# Big Time STINKY New Wool, need some suggestions!



## JennInSeattle (Nov 22, 2003)

Ok, I got a wool cover that was new from a WAHM. I used it once and it stunk but I figured they must have smoked or something (it didn't smell like smoke but I figured it was some outside factor).

I decied to resell it since I wasn't happy with the soaker overall and I emailed the seller, she immediately gave me a refund and thanked me for my comments.

Now, it wouldn't sell quickly so I listed it as free for shipping and it sold like hotcakes! lol So the person who wants it has never tried wool and thought this would be a great chance. She's already paid me the $2 for shipping.

The problem is the smell. I told her about the stink issue and that I would be washing it with my W.O.W. in Oh Baby scent before I sent it to her. I have washed every cover I own in W.O.W. Oh Baby (this particular bar too) and they all come out clean and sweet as my baby's behind! lol So I washed this one and the moment it became wet the stink filled the room.. so I'm washing, I'm sudsing.. I'm rinsing. I used far more WOW on this than any other soaker and you can tell by my bar size!

Even after I was all done it smelled like a mixture of WOW and aweful wet dog! I put it up to dry for now. I walked in the laundry room (where it dries on a rack) about an hour later and was greeted to that aweful smell!!

What should I do?
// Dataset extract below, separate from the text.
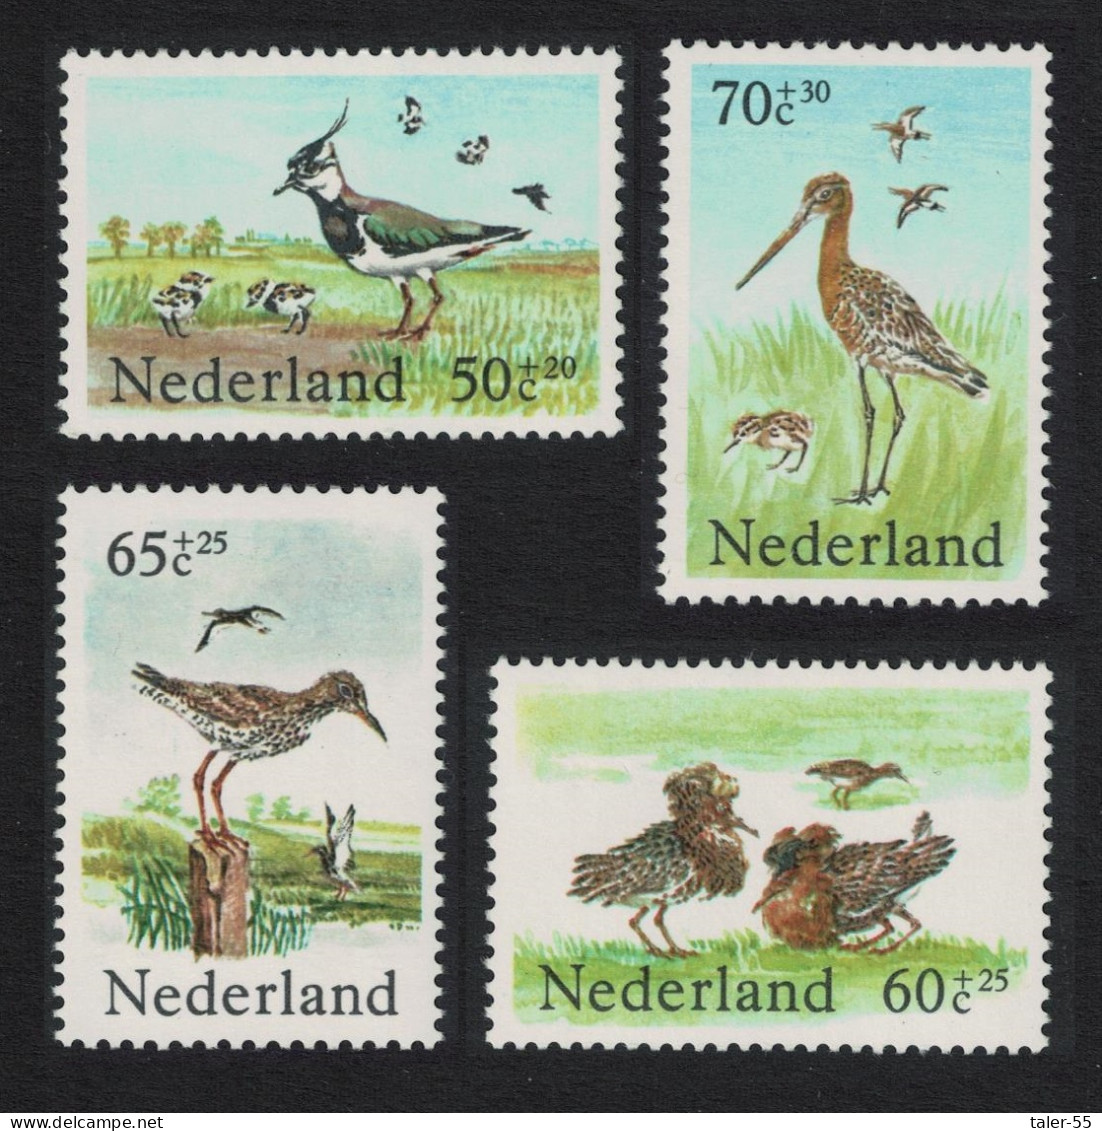 Netherlands Lapwing Redshank Ruff Godwit Pasture Birds 4v 1984 MNH SG#1435-1438 MI#1246-1249 Sc#B600-603 - Unused Stamps

I don't want any first time wool user to think this is normal. Should I refund her the shipping cost and tell her this is garbage worthy? Do you have some magical way to cure the soaker of this horrible smell?

Also what about the product itself? There are 4 good reasons why I'd never buy it again especially the smell now but I did talk to the WAHM and she was nice. She said she'd forward my email on to her mother who makes them. I never heard back from her again.. any suggestions to that question?


----------



## JohnnysGirl (Dec 22, 2003)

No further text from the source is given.